Dienstag, 17. September 2019

Software-Update für Tesla Model S Tesla brezelt Navi auf - und setzt auf Autopiloten

Tesla schärft sein Navi via Online-Update nach: Künftig werden Fahrer automatisch zur nächsten freien Ladesäule gelotst und können ihre Routen besser planen.

Tesla matcht sein Bordnavi schlauer und will so seinen Elektroauto-Fahrern die Furcht vor dem Liegenbleiben mit leerer Batterie nehmen. Per Software-Update integriert der Elektroauto-Hersteller neue Funktionen, die Fahrer rechtzeitig zur nächsten Ladestation lotsen. Ein Autopilot für Langstreckenfahrten folgt in einigen Monaten.

Die Ankündigung war ziemlich selbstbewusst: Vor wenigen Tagen hatte Tesla-Chef Elon Musk angekündigt, dass sein Unternehmen die "Reichweitenangst beenden" werde. Gestern Abend hat er die Details zu dem umfangreichen Software-Update präsentiert. Künftig warnt das Navigationssystem von Teslas Limousine Model S Fahrer mehrfach, wenn ihnen der Batteriestrom auszugehen droht und lotst sie rechtzeitig zur nächsten Ladestation.

Das aktualisierte Navi-System ermöglicht zudem eine bessere Reiseplanung. Im Hintergrund überprüft das System per Online-Verbindung, welche Stromtankstellen gerade überlastet und welche frei sind - und lässt diese Informationen in die Routenvorschläge und Zeitangaben einfließen.

Zudem berücksichtigt das Navi künftig bei der Routenplanung auch Informationen über Topografie und Windgeschwindigkeiten. Die Reichweiten-Anzeige wird dann entsprechend angepasst. Selbst wenn über das Navi kein Ziel eingegeben wurde, arbeitet das System im Hintergrund. Der Fahrer muss die Warnungen vor dem Liegenbleiben zwei Mal bestätigen, bevor er tatsächlich an die Grenzen der Reichweite gelangen kann.

Tesla zeigt der Branche, was per Online-Update alles möglich ist

"Sie müssen künftig nicht mehr vorausdenken oder irgendwelche Rechnungen anstellen", versprach Musk. "Es wird unmöglich sein, die Batterie leer zu fahren, außer man legt es absichtlich drauf an". Verfügbar ist das neue Navi-System für alle Model S-Fahrer.
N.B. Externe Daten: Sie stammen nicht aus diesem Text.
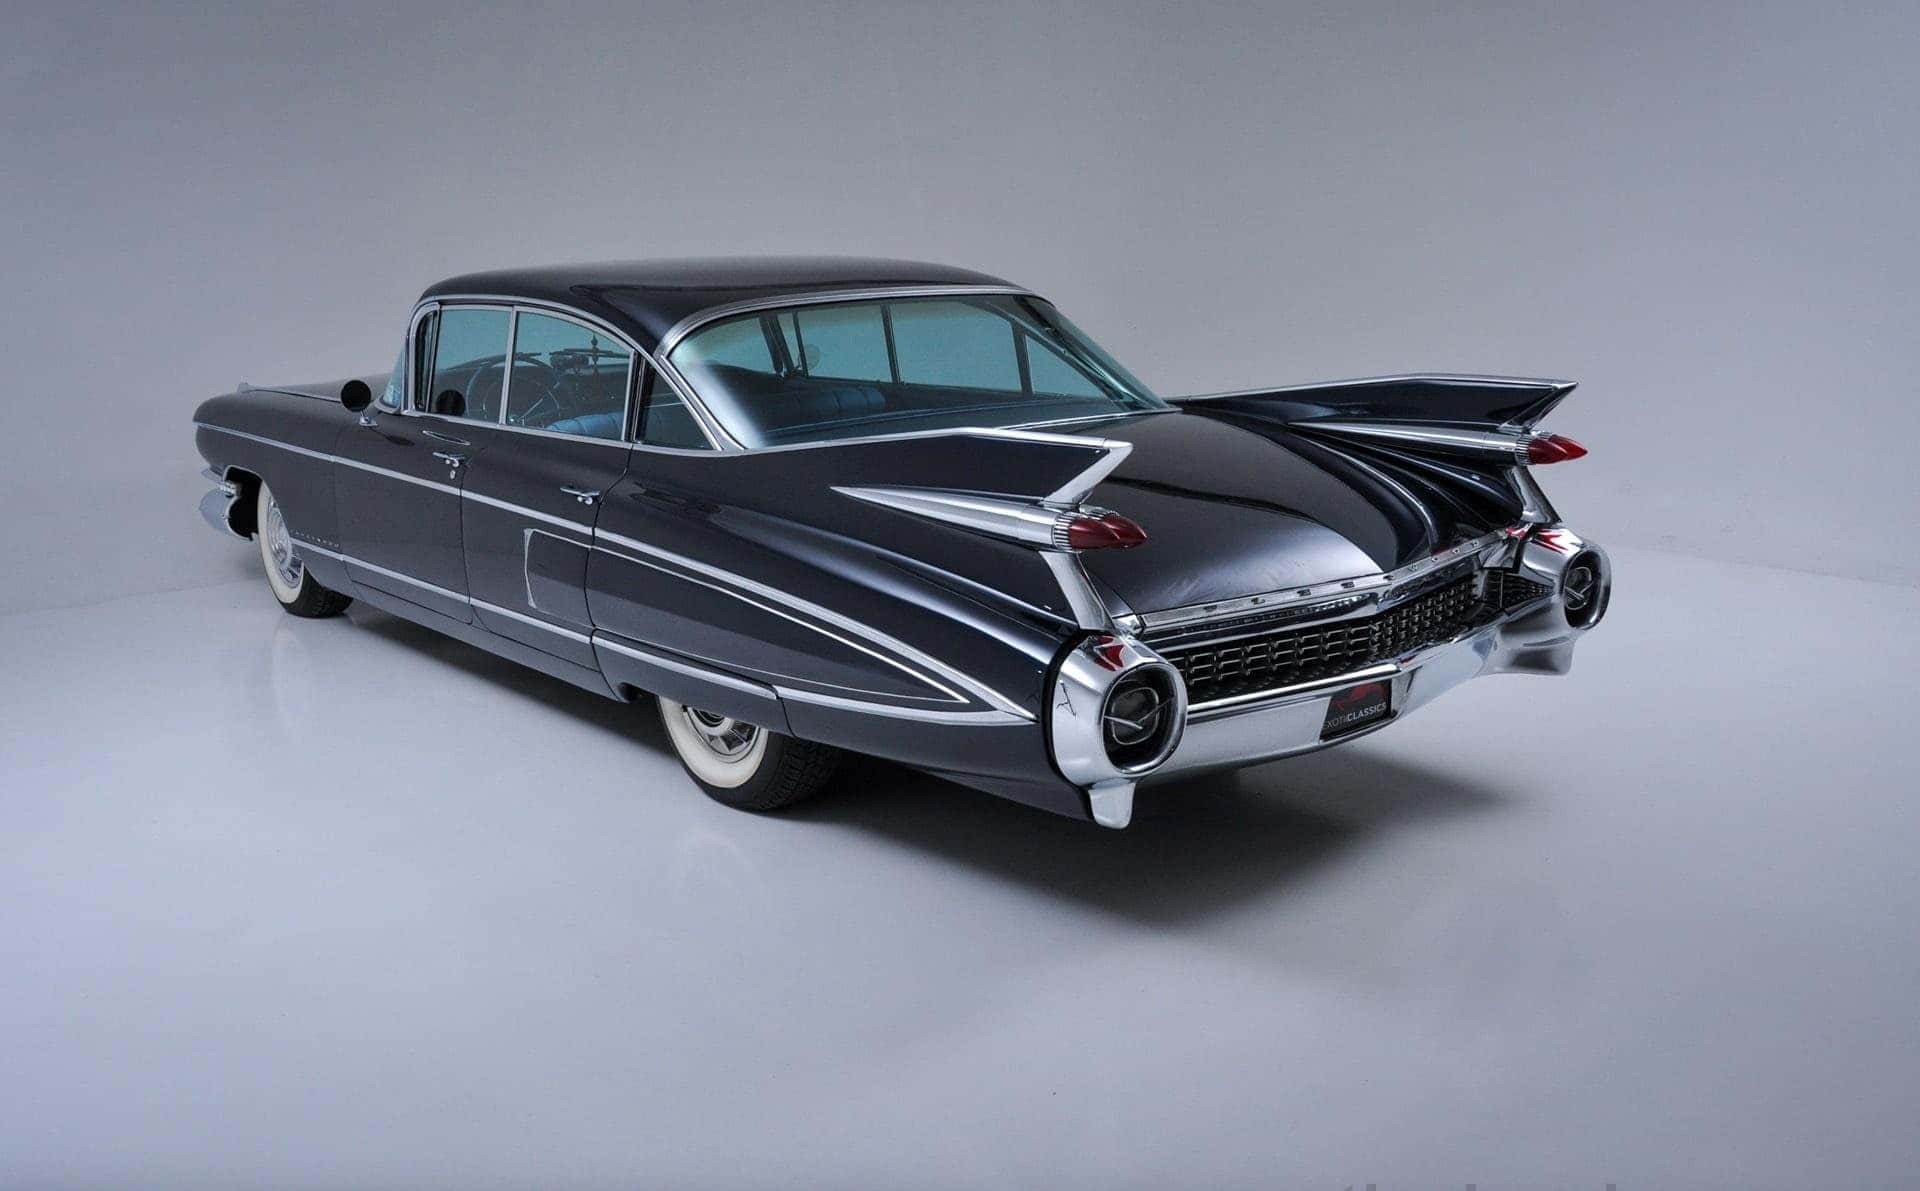 Caption: Classic Cadillac Fleetwood in all its Glory Wallpaper

Anders als in der Branche sonst üblich erfordert die Aktualisierung keinen Werkstattbesuch, sondern wird per Online-Verbindung direkt ins Auto eingespielt - wie bei Smartphones längst üblich. Bei den Aktualisierungen per Internet-Verbindung ist Tesla seinen Konkurrenten deutlich voraus. Bei den großen Autoherstellern sind solche Drahtlos-Updates bislang nur in begrenztem Umfang möglich. Für umfangreichere Aktualisierungen etwa des Navi-Kartenmaterials ist noch immer der Besuch einer Werkstatt oder der Anschluss eines physischen Datenträgers im Auto notwendig.
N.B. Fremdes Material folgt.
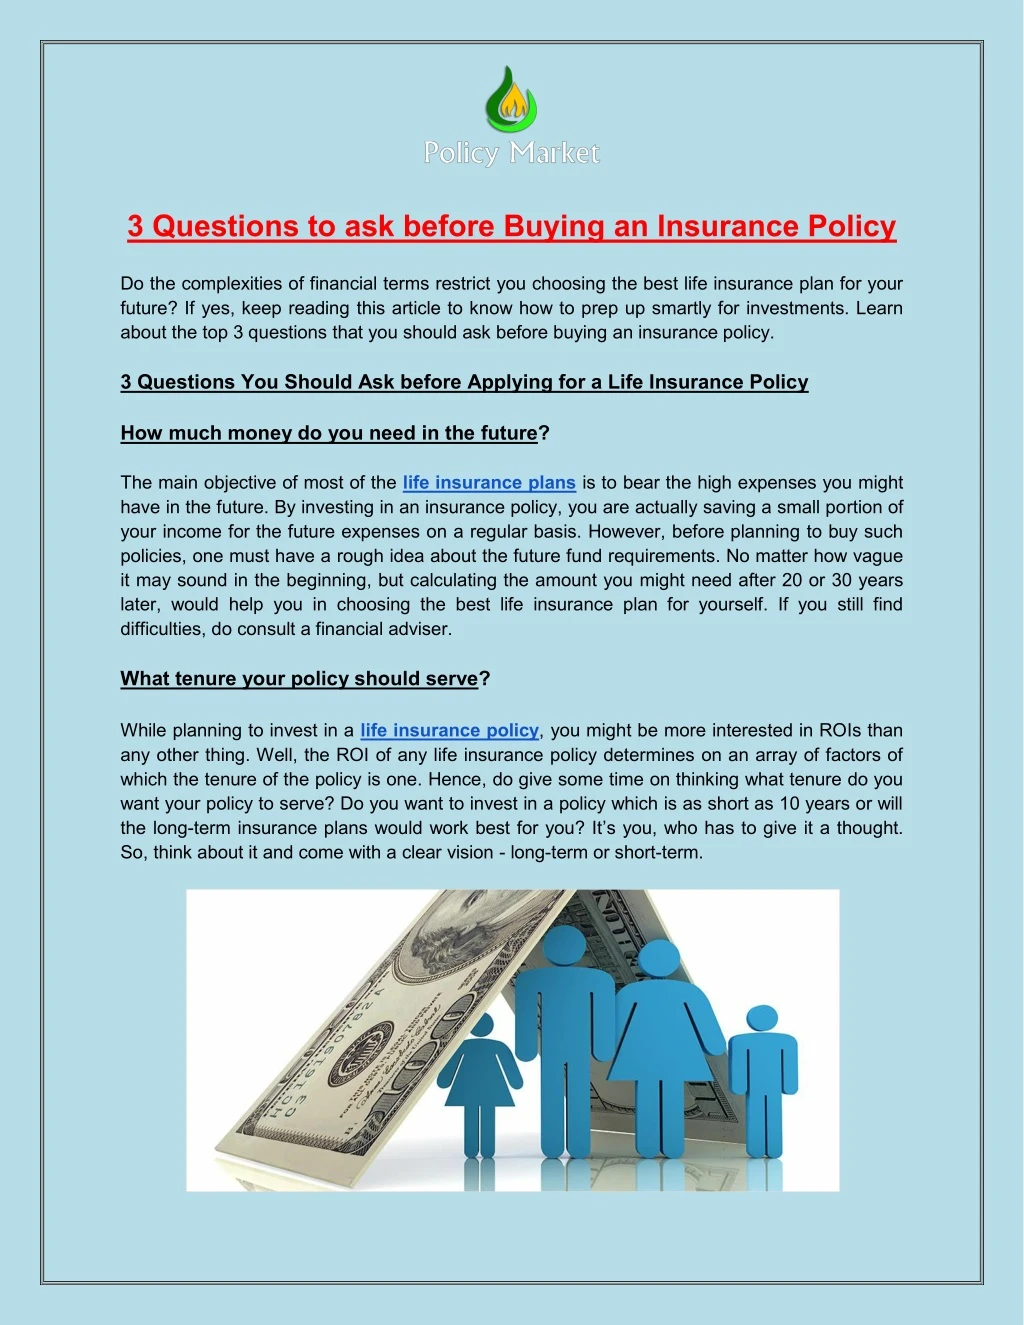 3 questions to ask before buying an insurance

Mit der Aktualisierung erhalten die Tesla-Fahrer auch einen erweiterten Kollisionswarner und einen Assistenten,r vor Fahrzeugen im toten Winkel warnt.

Noch entspannender für Langstreckenfahrten wird jedoch ein Update, das Tesla in rund drei Monaten ausliefern will. Es soll Model S-Fahrern einen Autopiloten zur Verfügung stellen, mit dem das Auto laut Musk sebständig auf US-Autobahnen fahren kann. Seit September vergangenen Jahres baut Tesla die dafür notwendigen Ultraschall- und Radarsensoren sowie Kameras serienmäßig in seine Fahrzeuge ein.